New information on the structure of CXCL12 was uncovered in laboratory research by Brian Volkman, PhD, an associate professor of biochemistry, Medical College of Wisconsin. Dr. Volkman’s findings were derived, in large part, from the work of Michael Dwinell, PhD, associate professor of microbiology and molecular genetics, Medical College of Wisconsin. In 2001, Dr. Dwinell was the one who inspired Dr. Volkman to look into the properties of CXCL12.
Dr. Dwinell established that CXCL12 and its target cellular receptor—CXCR4—play an important role in the migration of cancer cells to common sites of tumor formation, such as bone marrow, lymph nodes, and liver and lung tissue. Dr. Dwinell’s laboratory also established that CXCL12 expression is key to interfering with cancer progression. Previous research on CXCL12 structure failed to establish the mechanism by which the protein interacts with the CXCR4 receptor, and a crucial step in the spread of metastatic cancer remained poorly understood.
The current study, funded by the National Institute of Allergy and Infectious Diseases of the National Institutes of Health, hoped to build on Dr. Dwinell’s research on the new inhibitor and gain insight into the mechanism of CXCL12. Dr. Volkman’s lab created a 3-dimensional model to show how the CXCL12 protein interacts with a portion of the CXCR4 receptor. To complete the molecular model binding CXCL12 to CXCR4, Dr. Volkman and colleagues discovered that it was necessary to link two CXCL12 molecules. In effect, this locked the protein into a form that could not be chemically separated—a dimer—but that could still bind to the CXCR4 receptor.
The locked protein behaved differently from the unlocked form. Normal CXCL12 proteins strongly induce cell migration, but the protein’s locked form resulted in absolutely no cells migrating. The investigators had discovered that CXCL12 could be converted into a protein that inhibits cell migration. “This was exciting because it was genuinely unexpected,” recalled Dr. Volkman. “It was the strongest suggestion yet that chemokine dimers might really be active participants in directing the migration of white blood cells and possibly other kinds of cells.”
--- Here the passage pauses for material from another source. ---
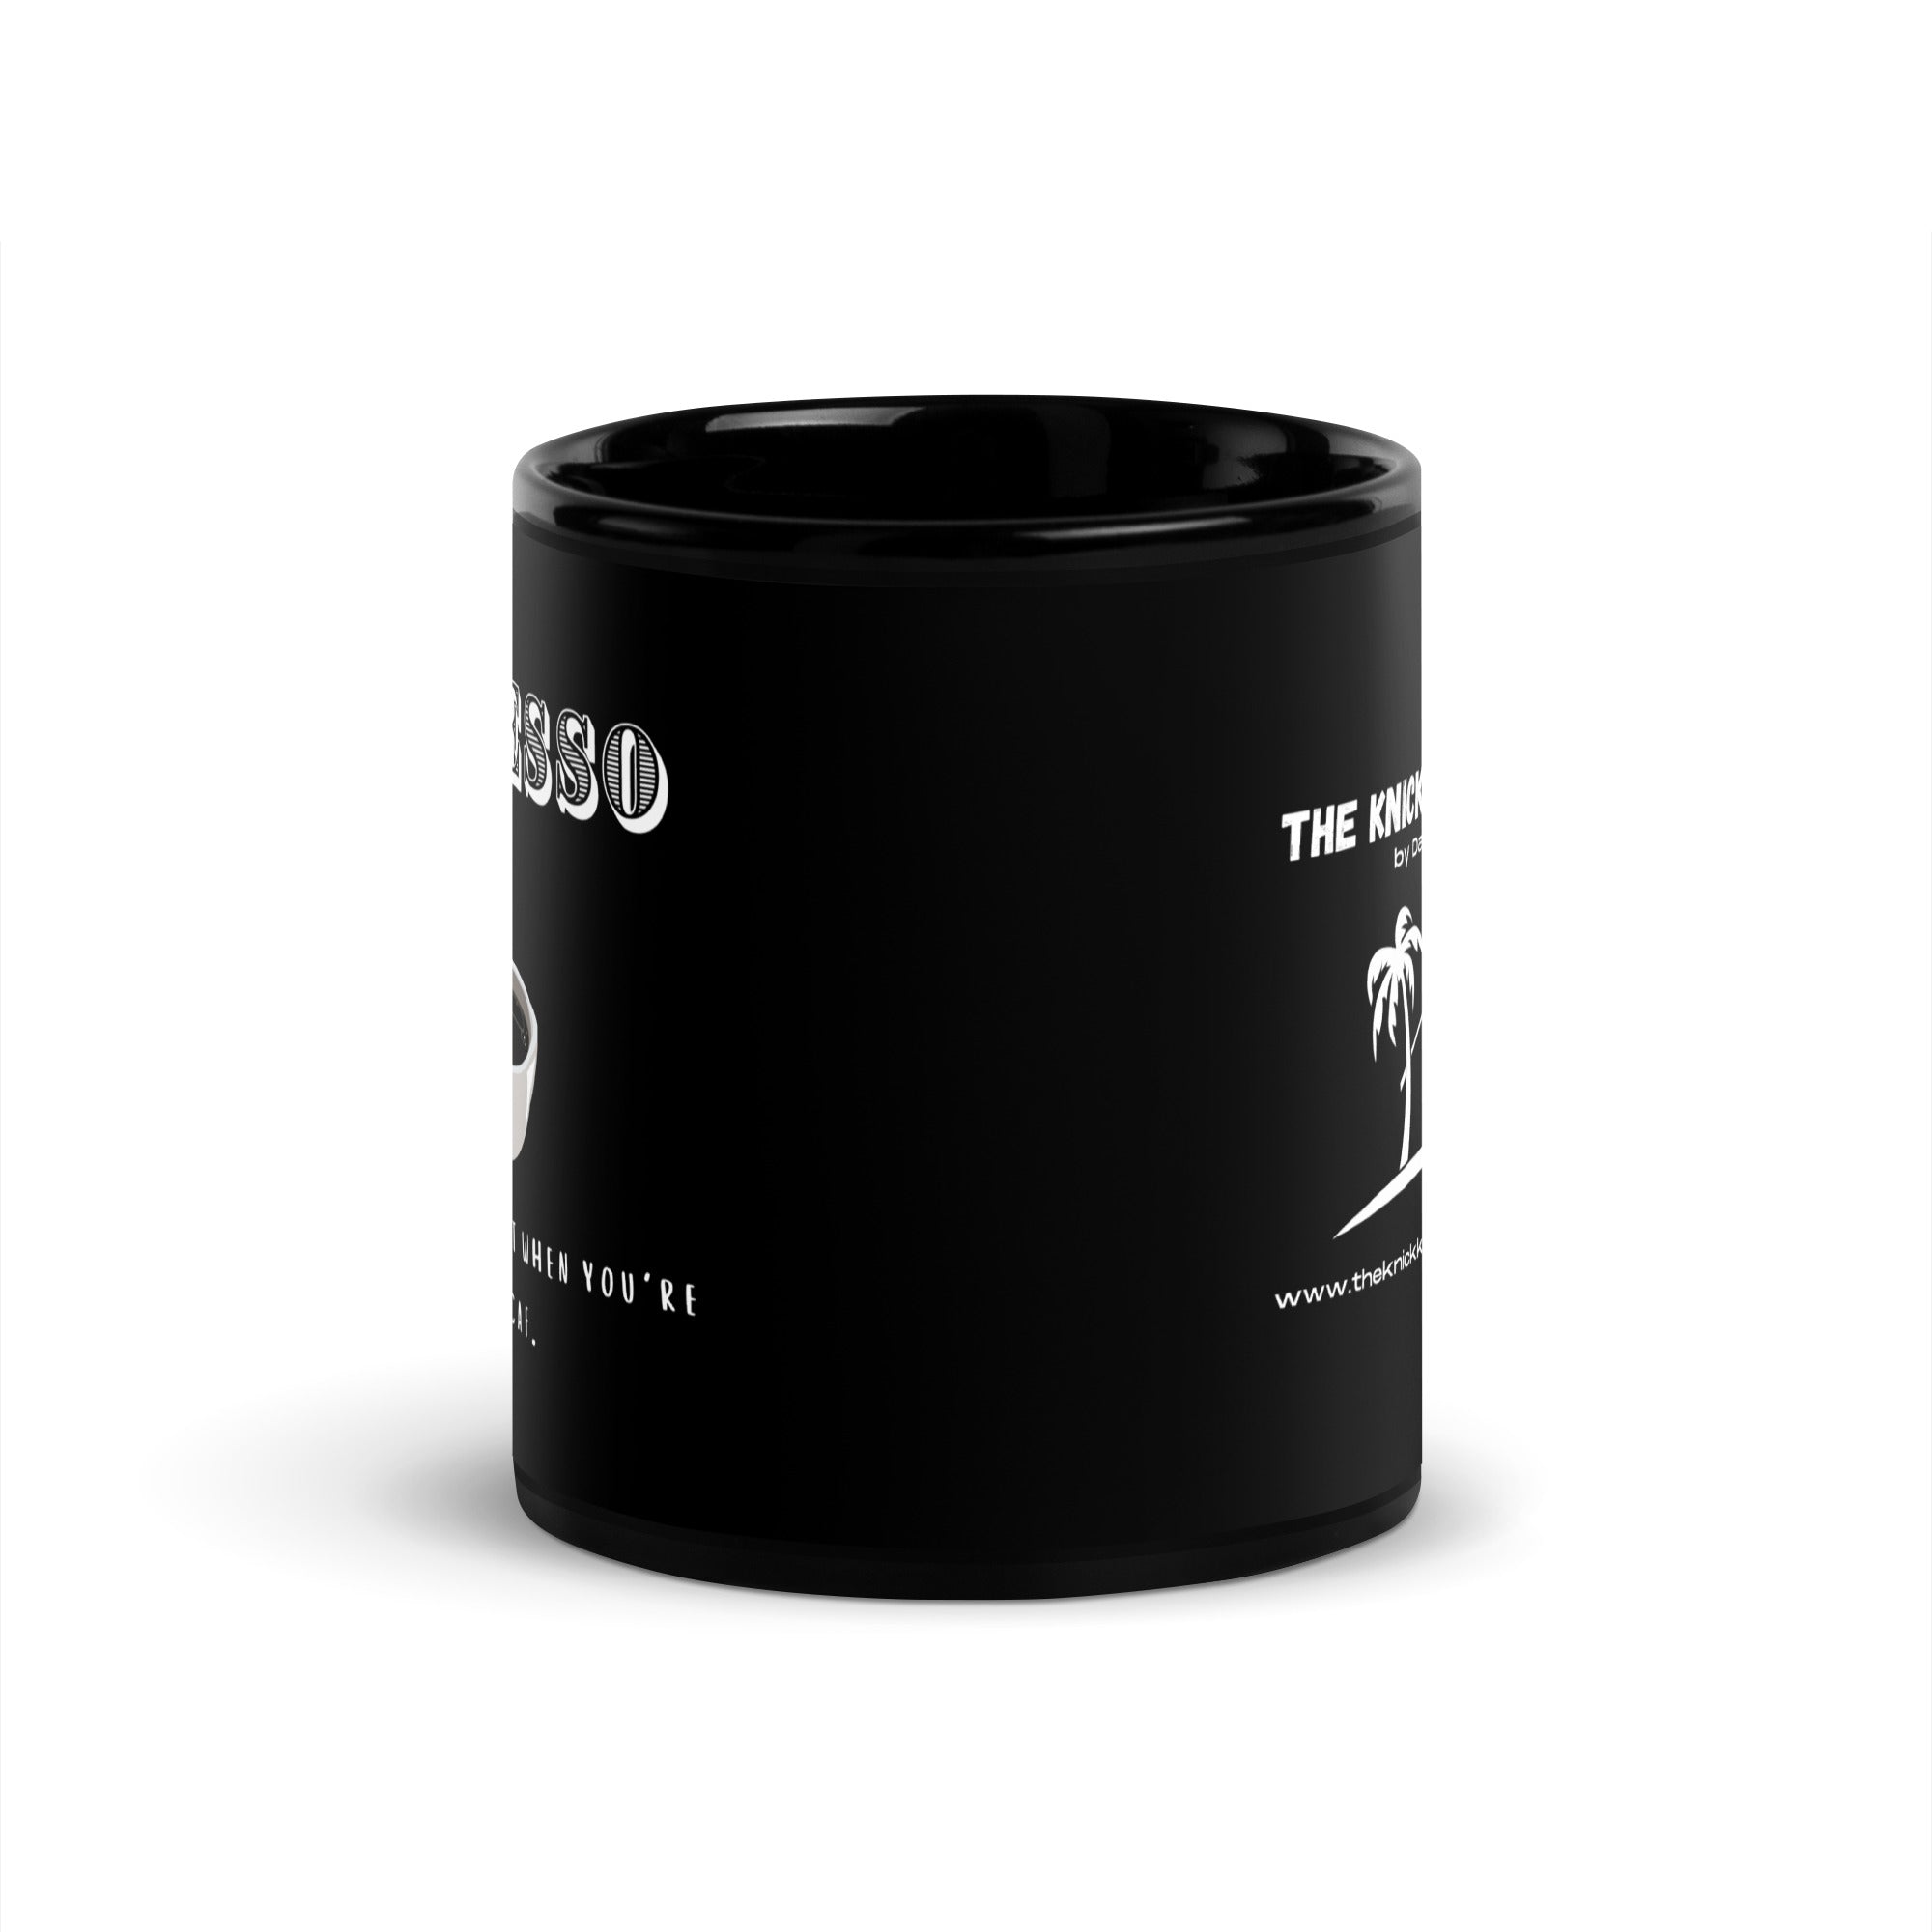 Black Glossy Mug - Depresso (R-Handed)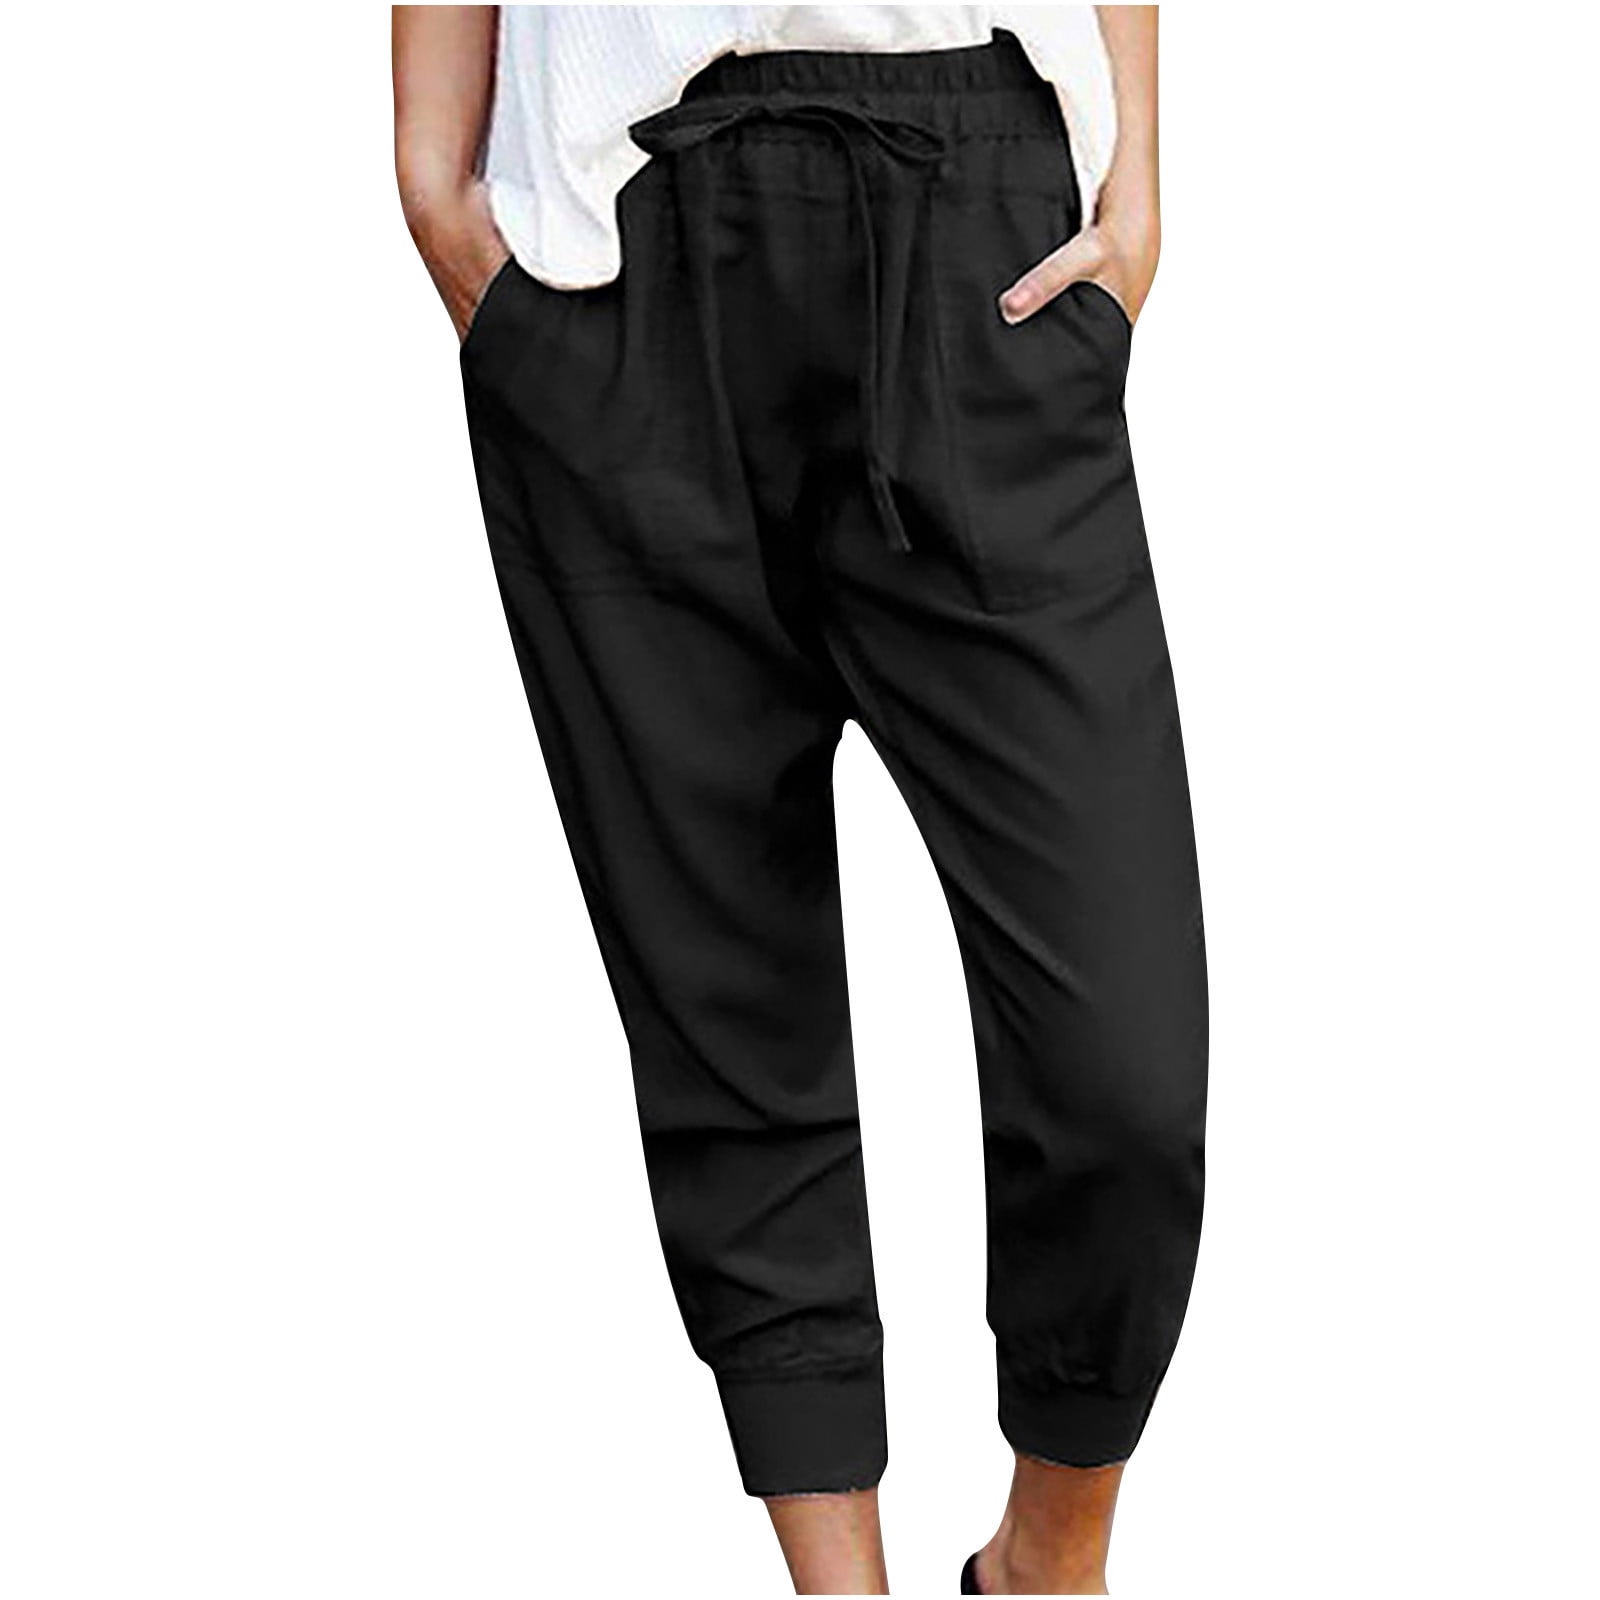 Mrat Full Length Pants Pencil Pants for Work Ladies Casual Solid

According to Dr. Volkman, the next step is to establish whether the CXCL12 dimer is effective in stopping or slowing the spread of cancer. To this end, he is again looking to rely on Dr. Dwinell’s assistance and foundational knowledge. Dr. Dwinell filed an earlier patent application on the use of CXCL12 in limiting cancer progression.
“While we focused on understanding details of the molecular structure of CXCL12, Dr. Dwinell’s research group developed a sophisticated method for measuring breast cancer metastasis,” reported Dr. Volkman. “So we asked him to help us design experiments to find out if his CXCL12 dimer could interfere with the spread of cancer.”
Although it has not yet been established that the CXCL12 dimer will have the desired effect on cancer development, Dr. Volkman said it is clear the CXCL12 molecule has an important role to play in designing new cancer treatments and he hopes that “stable synthetic versions of CXCL12 will allow us to conduct proof-of-concept studies about cancer prevention.”
The updated findings from Dr. Volkman’s research were published in the most recent edition of Science Signaling
, a new online journal issued by Science
magazine. Christopher Veldkamp, PhD, a biochemistry graduate of the Medical College’s Graduate School of Biomedical Sciences, served as lead author for the study.